Да уж, отец все еще что-то наигрывавшей за роялем Инги не был оригинален в плане звонков.

- Помнишь, ты у меня кое-что просил достать? Да-да, привезли... Да не за что!.. Нет, давай лучше я к тебе. Вернее, мы с Ингой и одним автором-песенником. Сергей Губернский, слышал про такого? Вот-вот, именно он. У нас с аранжировкой проблема, хотели бы одну песню прогнать с помощью твоих музыкантов... Ноты? Нет, ноты мы не забудем... Давай через часа полтора-два, а то нам еще в одно место нужно заехать. Куда нам подъезжать? Ага. Пишу... Ну все, до встречи.

- Я так понял, договорились? - поинтересовался я, когда Чарский закончил общаться с Гараняном.

- Да, все хорошо, нас ждут через два часа. У них как раз репетиция закончится, ребята задержатся ради нас. Успеем? Инга, давай одевайся. Ноты не забудь. А я пока упакую вещицу для Жоры.

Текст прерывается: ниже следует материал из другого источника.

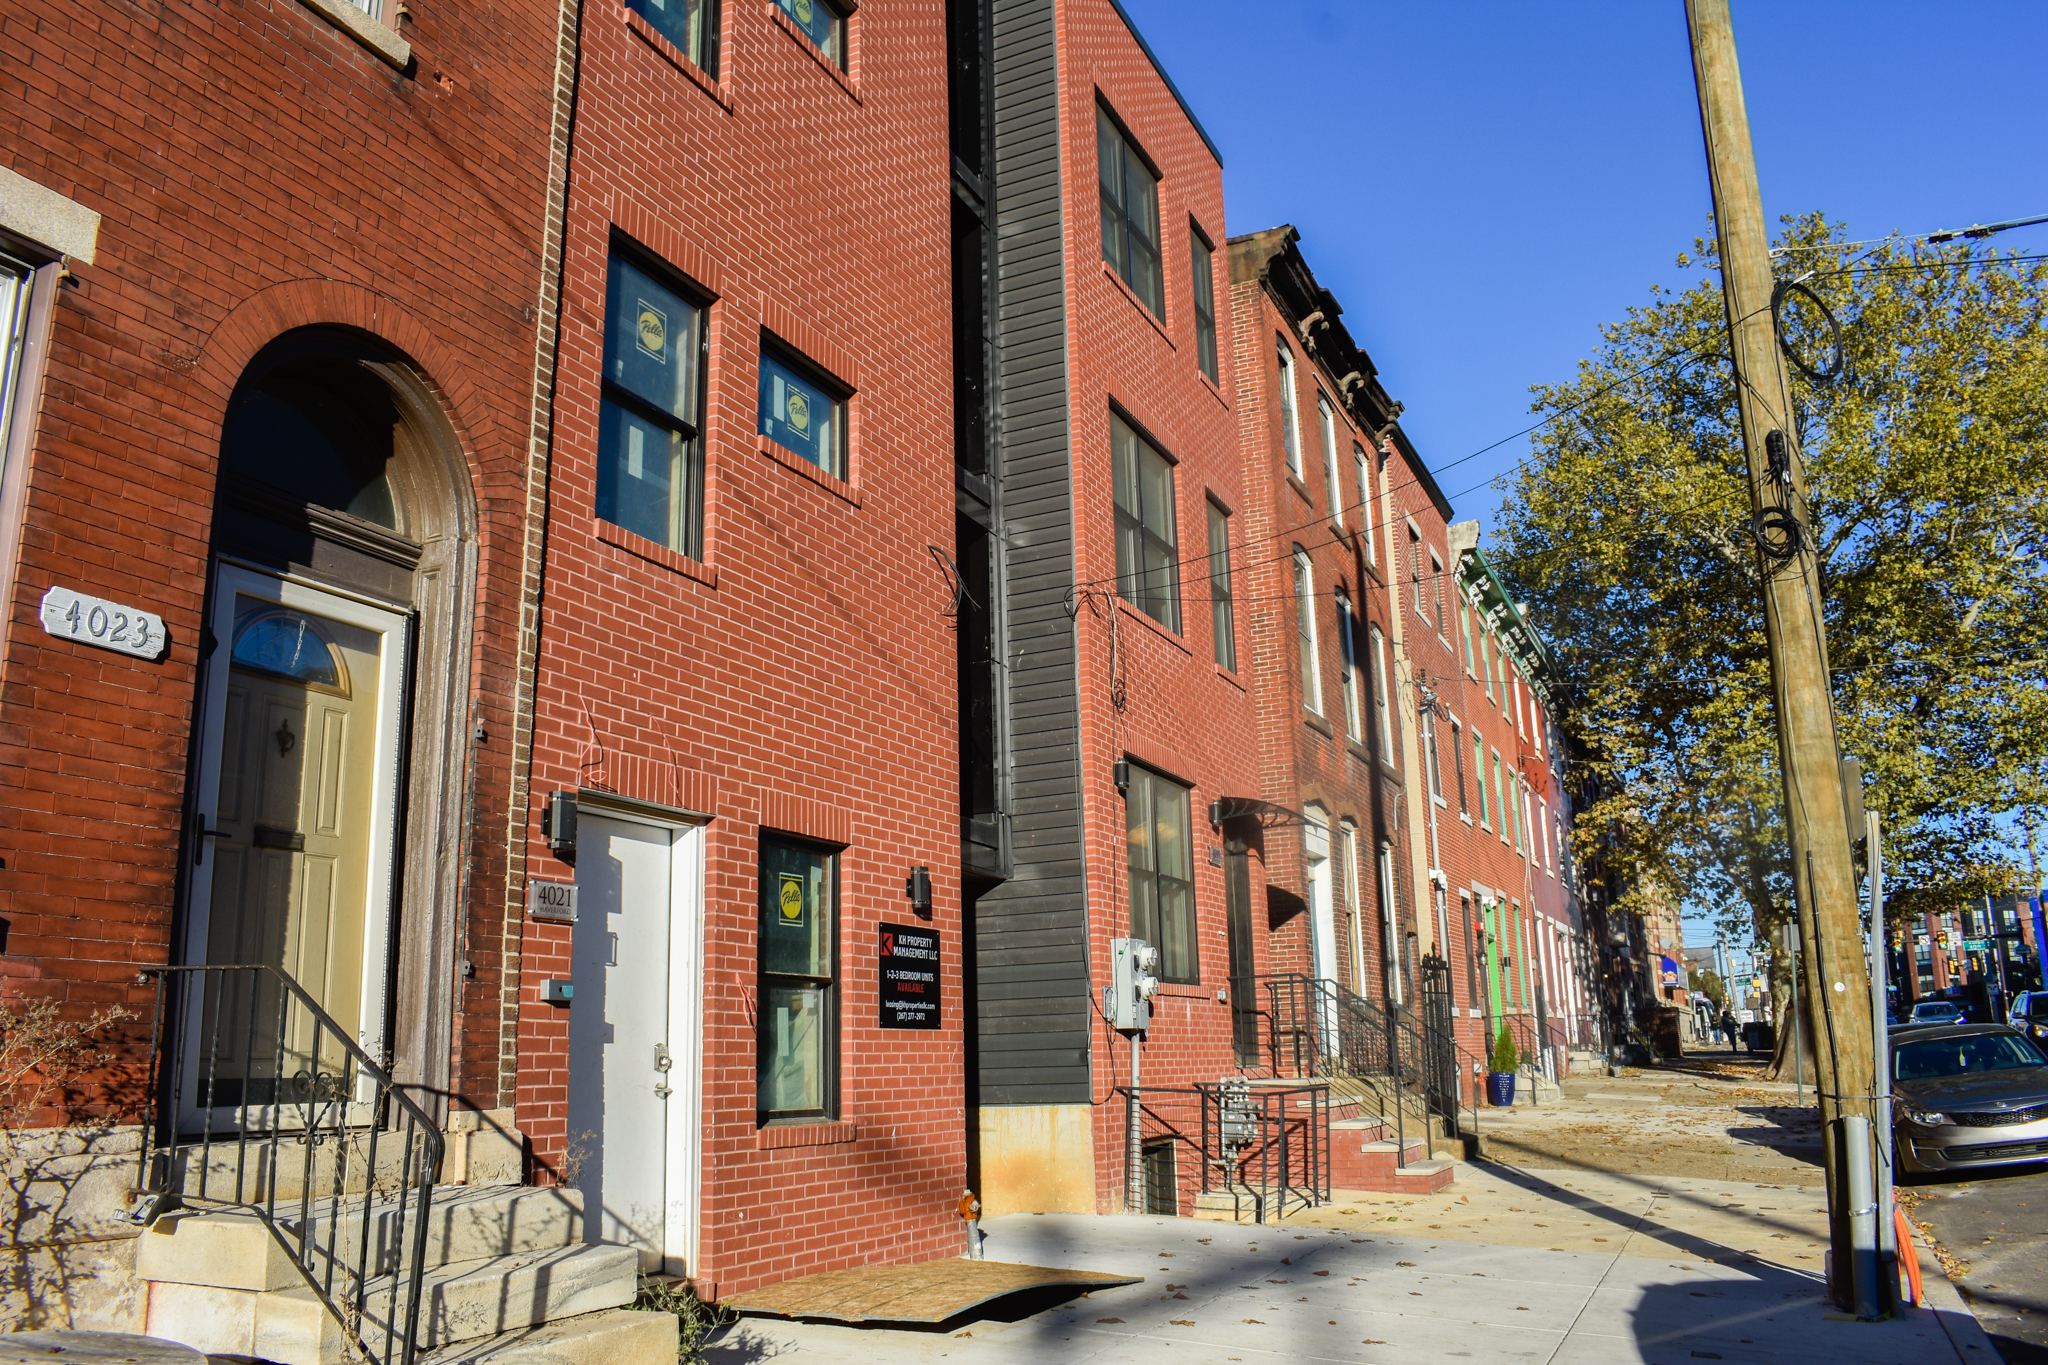 4019-21 Haverford Avenue. Photo by Jamie Meller. October 2022
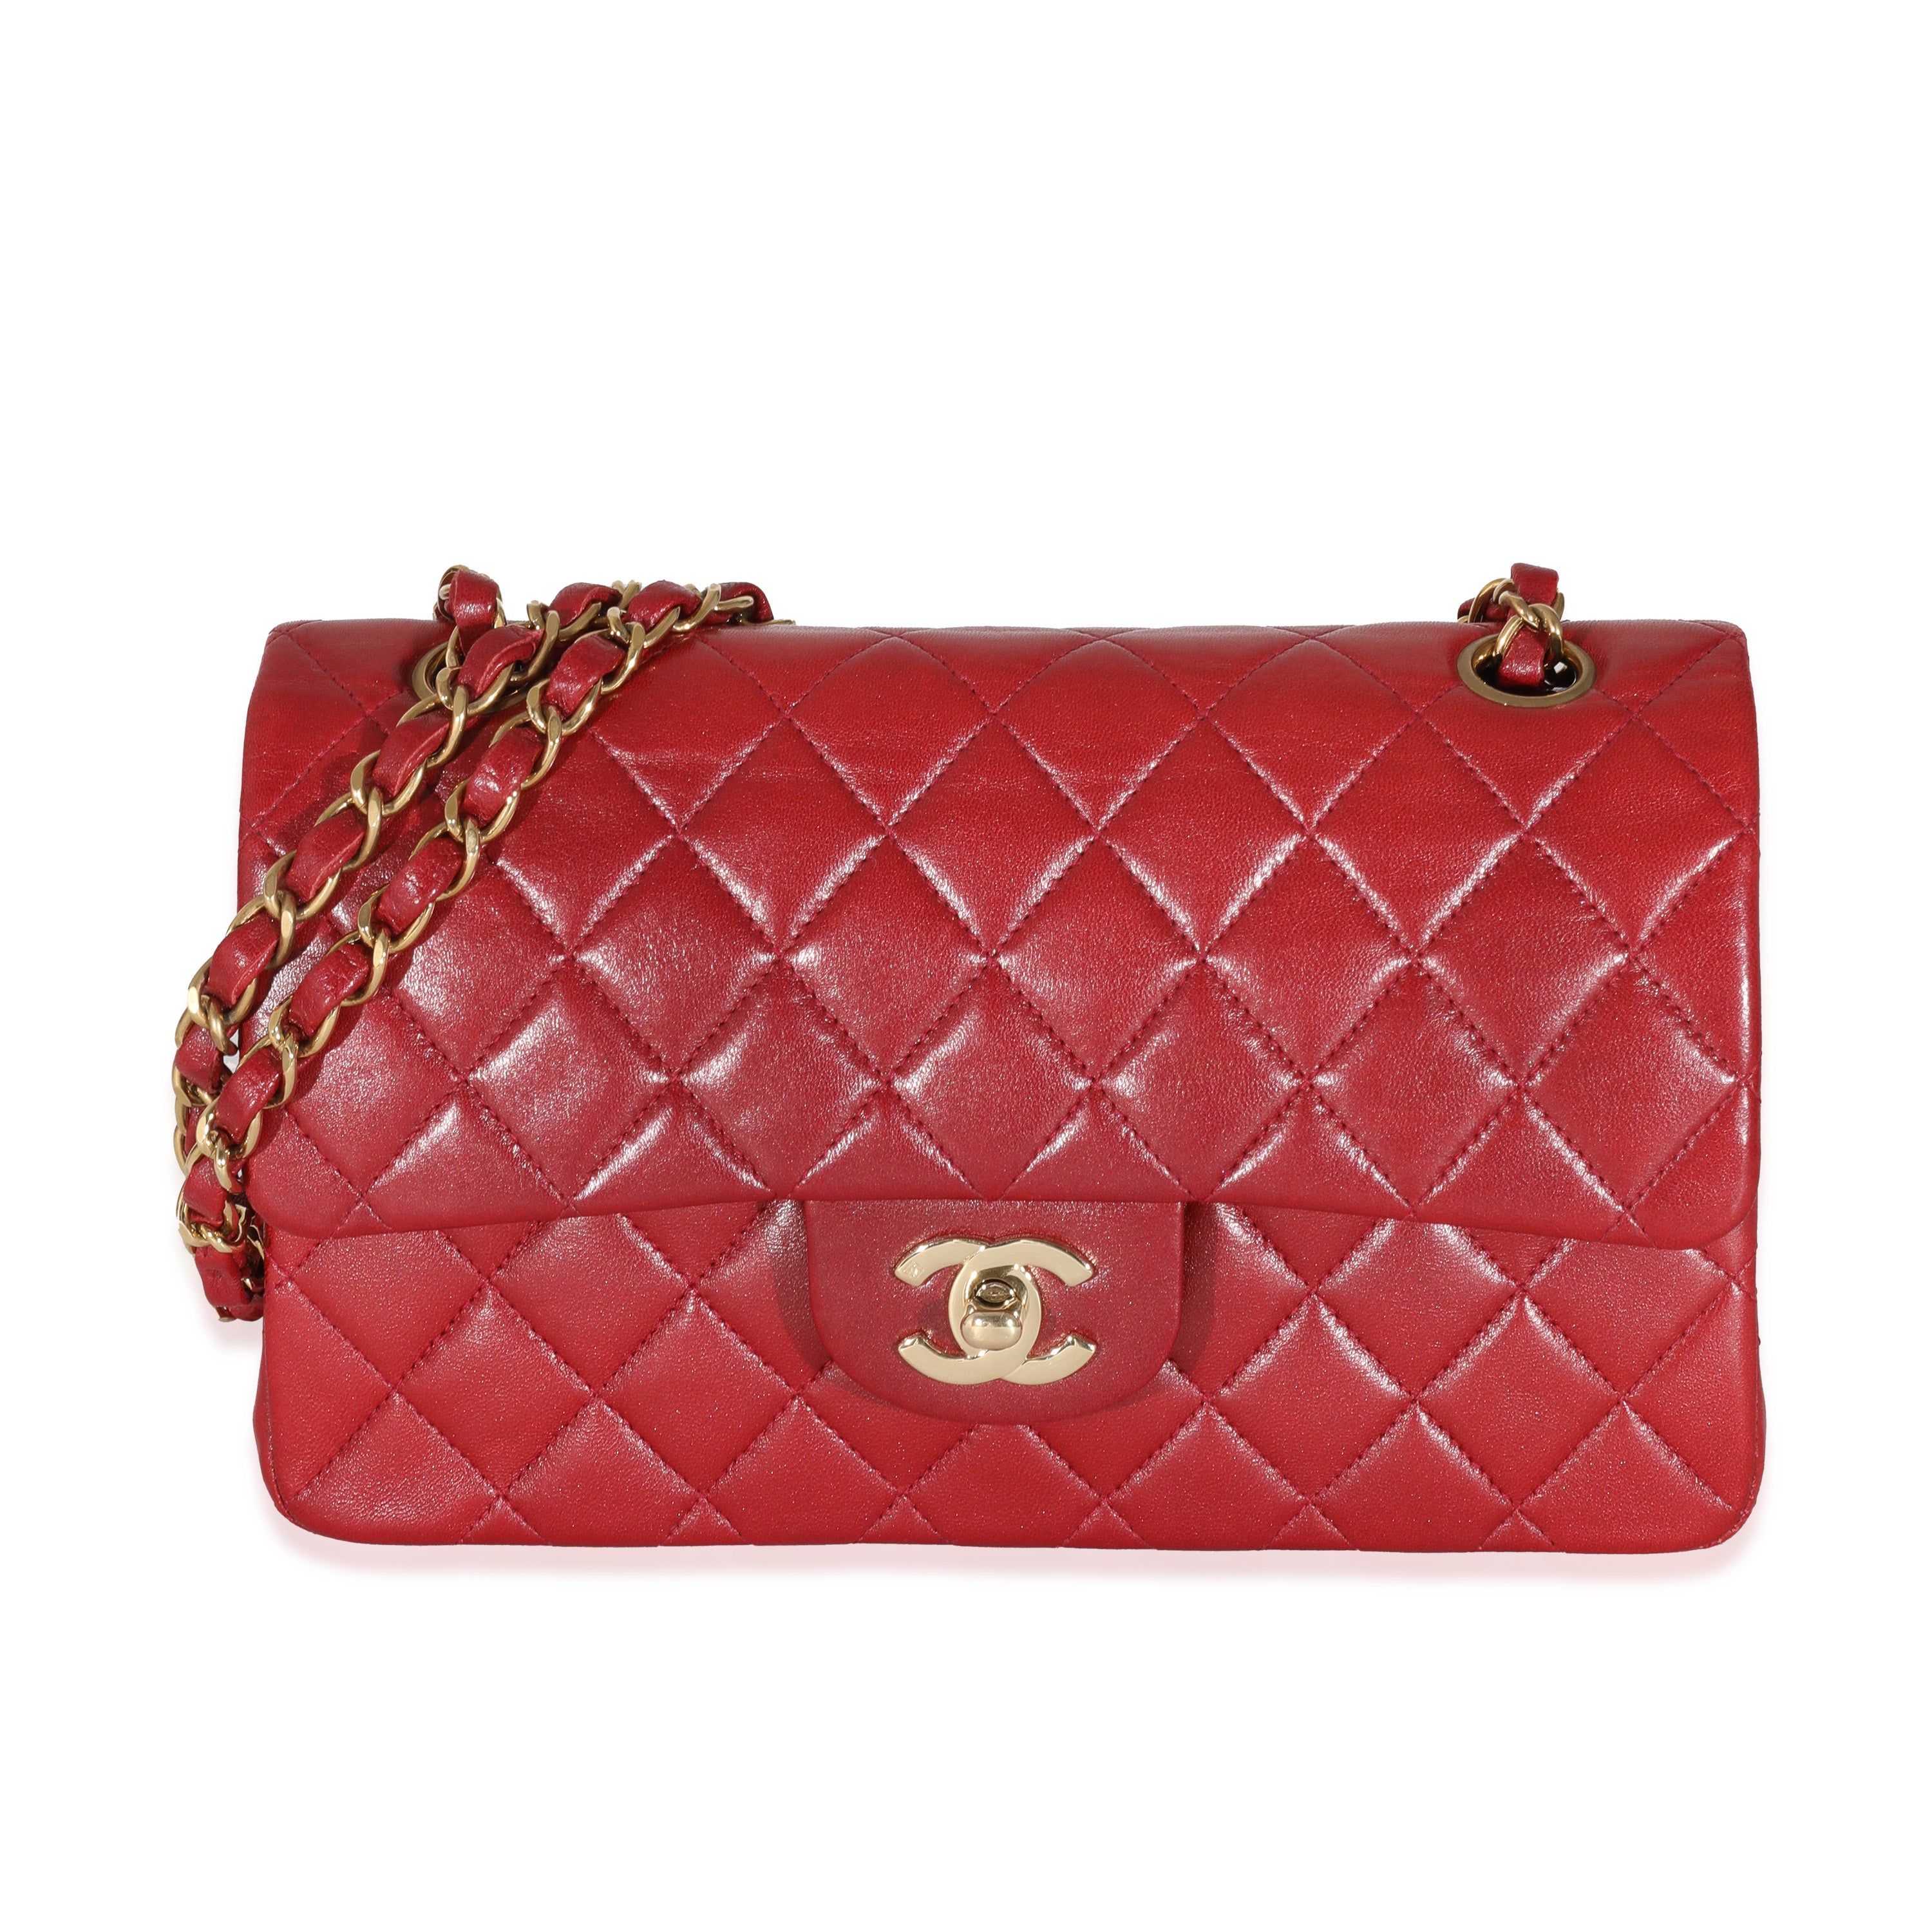 Chanel Vintage 24k Red Quilted Lambskin Small Classic Double Flap Bag, myGemma, DE

На Карамышевскую набережную, где при одноименной студии грамзаписи базировался ансамбль 'Мелодия', мы приехали даже чуть раньше оговоренного времени. Чарский, сидя за рулем точно такого же 'Мерседеса', на котором передвигался главный герой фильма 'Высоцкий. Спасибо, что живой', кинул взгляд на циферблат 'Ролекса'.

- Время без четверти. Думаю, ждать ровно до четырех смысла нет, может быть, они уже и закончили репетировать. Ладно, давайте выбираться - и за мной.

Я как кавалер, галантно помог Инге выйти из салона. Чарский, зажимая подмышкой продолговатый кофр, двинулся первым. На проходной нас встретил сам Гаранян. Во всяком случае, я так понял после приветственных слов Анатолия Авдеевича. Известный джазовый музыкант поцеловал ручку Инге, а на меня кинул заинтересованный взгляд сквозь большие линзы очков в роговой оправе.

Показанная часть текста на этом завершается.